Comme je vous l’ai dit, je pouvais encore plaire, mais les occasions pour une veuve de séduire quelqu’un ,étaient limitées dans nos villages. Nous étions écrasés par le poids des convenances, tout était commenté et l’on était rarement seule. Le moindre événement faisait le tour du village, les grossesses illégitimes étaient connues par tous en même temps que la famille, les décès étaient presque publiques, les naissances voyaient un défilé de voisines. Chaque héritage était pesé en même temps que le notaire le faisait. Nous savions qui fréquentait qui, enfin bref le terrain n’était pas propice aux amours d’un vieille veuve.
Rosalie Désirée Ruffier
Depuis que ce con de Léon avait cassé sa pipe je retrouvais un peu ma mère, non pas qu’elle devint très aimante, elle ne l’avait jamais été, mais je la voyais de nouveau comme avec mes yeux d’enfant.
Faisant la bravache je savais qu’elle avait été très affectée.

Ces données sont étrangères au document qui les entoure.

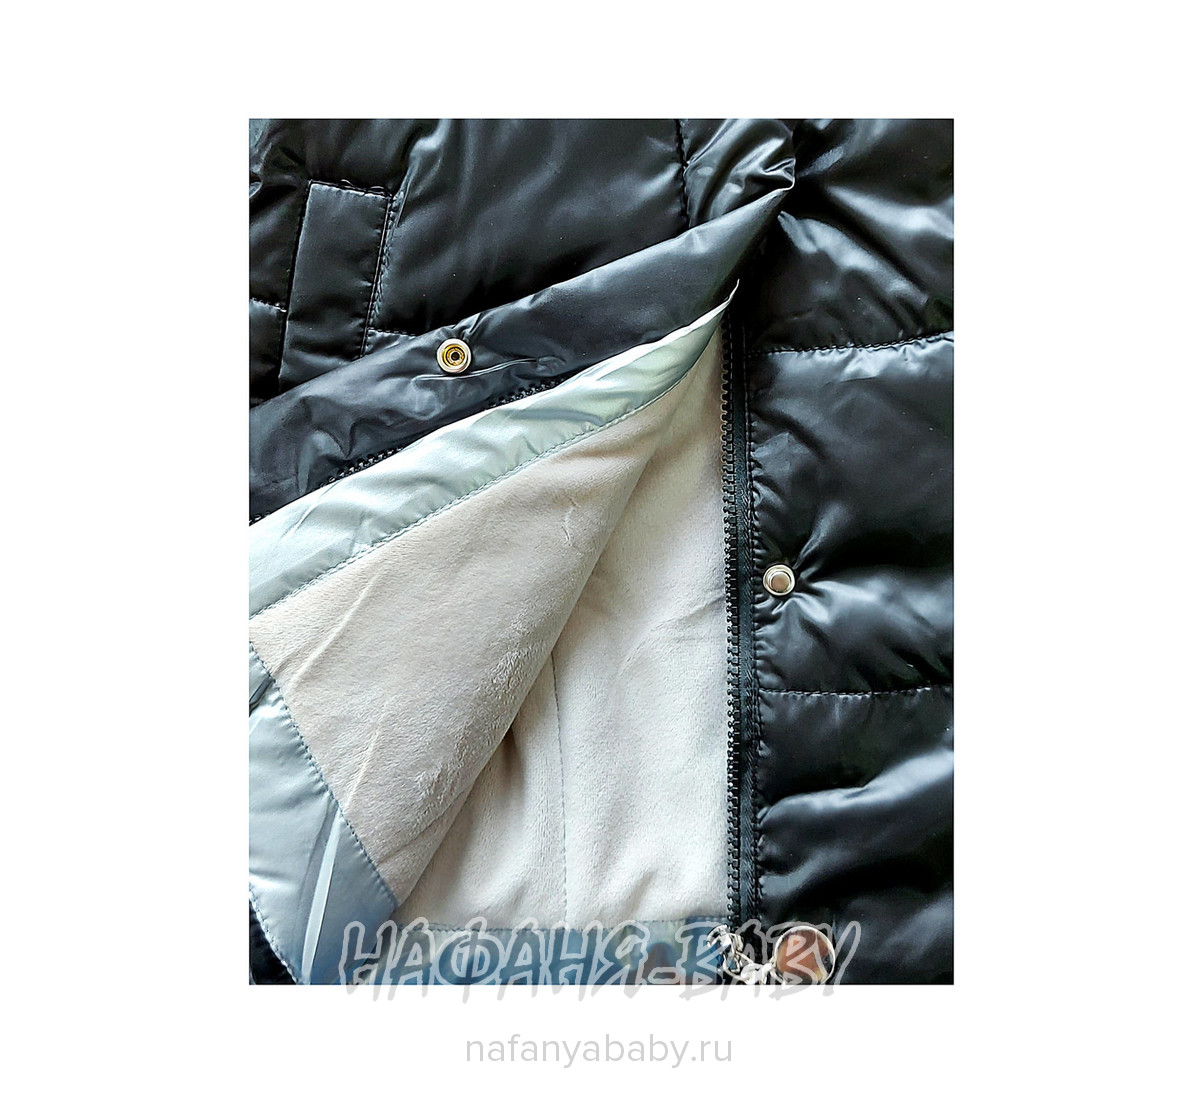 Зимняя удлиненная куртка DELFIN-FREE арт: 2207, 1-4 года, 5-9 лет, цвет черный, оптом Китай (Пекин)

Je voyais aussi qu’elle se débattait dans des difficultés financières coutumières d’un veuvage sans héritage, alors je lui glissais parfois quelques uns de mes gages.
Nous avions marié le grand frère, lui suivait le schéma classique, enfance avec les parents, domestique dans une ferme puis valet et si tout allait bien grand valet. Économisant ses gages il pouvait prétendre à une installation avec une jeune servante, ou avec une fille de cultivateur, qui voudrait bien donner son héritière à un gars solide et travailleur. Le frère avait fait choix d’une domestique, fille de cultivateur décédé, il y avait mieux comme parti mais elle était belle et ses charmes auraient sûrement fait craquer même un beau monsieur en habits.
Moi en amour j’en étais à me demander si pour la satisfaction de mes sens je ne devais pas accepter de partager la cabane du berger avec d’autres servantes et paysannes. C’était complètement immoral et de plus dangereux. Mais visiblement soit le berger était stérile soit il avait de la chance car aucun ventre ne s’arrondissait dans son entourage.
Je me mis à espacer mes visites, puis à abandonner sa couche éminemment jouissive. Je décidais d’attendre le prétendant et de m’amuser le plus possible lors des fêtes villageoises.
A la fête de la saint Jean de 1843 j’ai cru que l’amour avait enfin frappé à ma porte, toute la soirée j’ai dansé, rigolé dans les bras d’un paysan d’Augers dont le père était propriétaire de ses propres terres. Autant vous dire que toutes les dindes du village paradaient et jouaient du croupion, il n’y en avait que pour lui, rendant fou de jalousie les autres hommes du village.
Cela se termina en bagarre entre les villageois des deux bourgs, les coqs de Sancy contre ceux d’Augers. Cela fut plus grave que les autres fois car apparemment des lames furent sorties. Pour ma part comme j’avais fricoté avec un » étranger » toute la soirée, je faillis me faire écharper par deux filles du village sûrement jalouses. On en restait là, car de toutes façons mon galant d’un soir ne cherchait pas une épouse mais cherchait une femme.
Peut être êtais-je marquée du sceau de l’infamie, aucun homme ne me faisait une cour courtoise et honnête. Heureusement que pour le corps mon berger me prenait parfois, cette espèce de sorcier me subjuguait encore et toujours.